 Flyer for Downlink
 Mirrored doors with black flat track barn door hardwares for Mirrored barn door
● ● ●
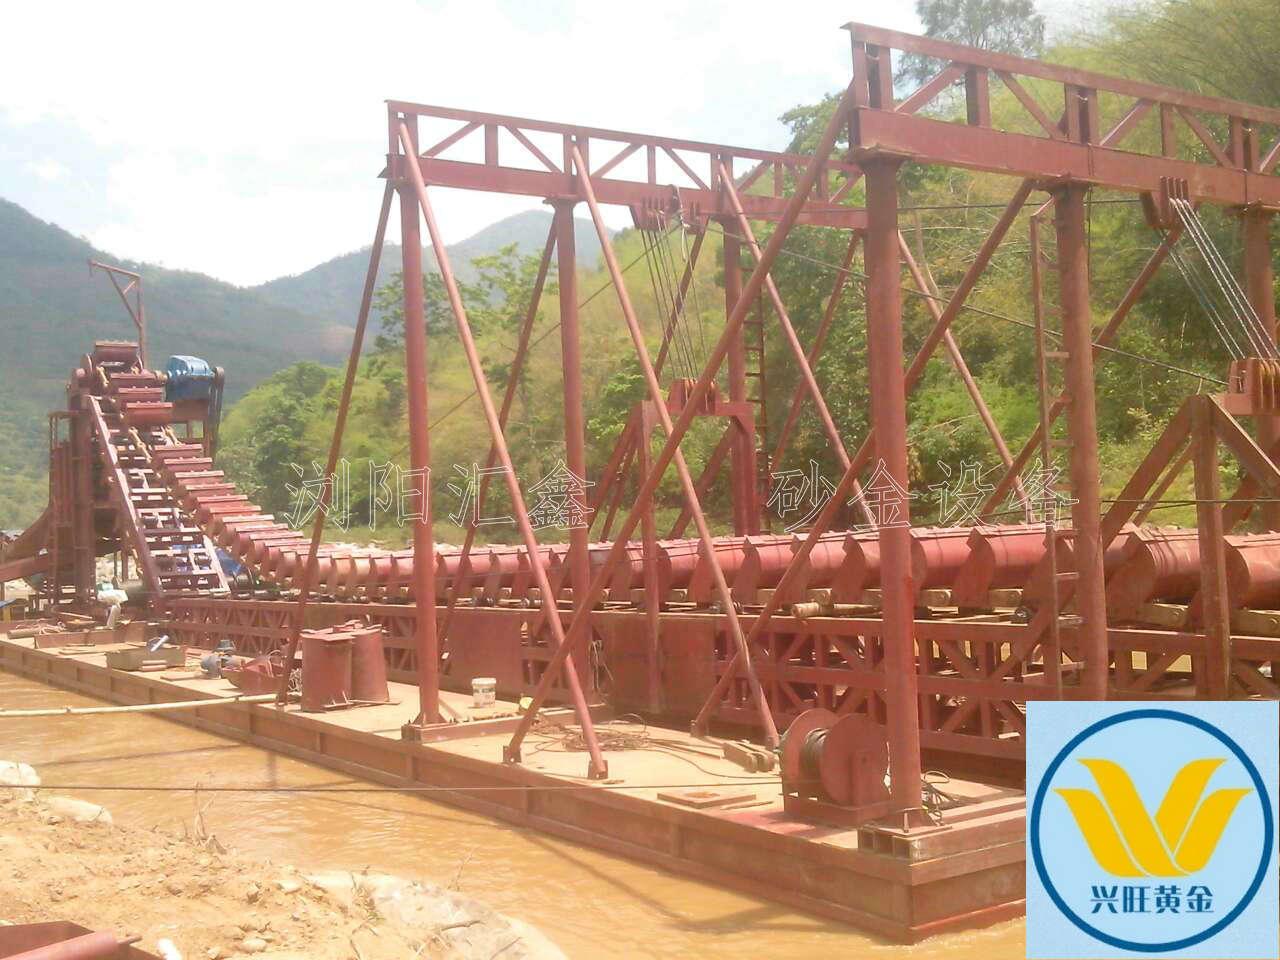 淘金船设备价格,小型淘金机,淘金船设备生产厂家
● ● ●
● **WHAT YOU WILL DO**: Could you repeat exactly the lines above from the line with "Flyer for Downlink" up to and including the line with "Mirrored doors with", and only those?

● **TASK SOLUTION**:
 Flyer for Downlink
 Mirrored doors with black flat track barn door hardwares for Mirrored barn door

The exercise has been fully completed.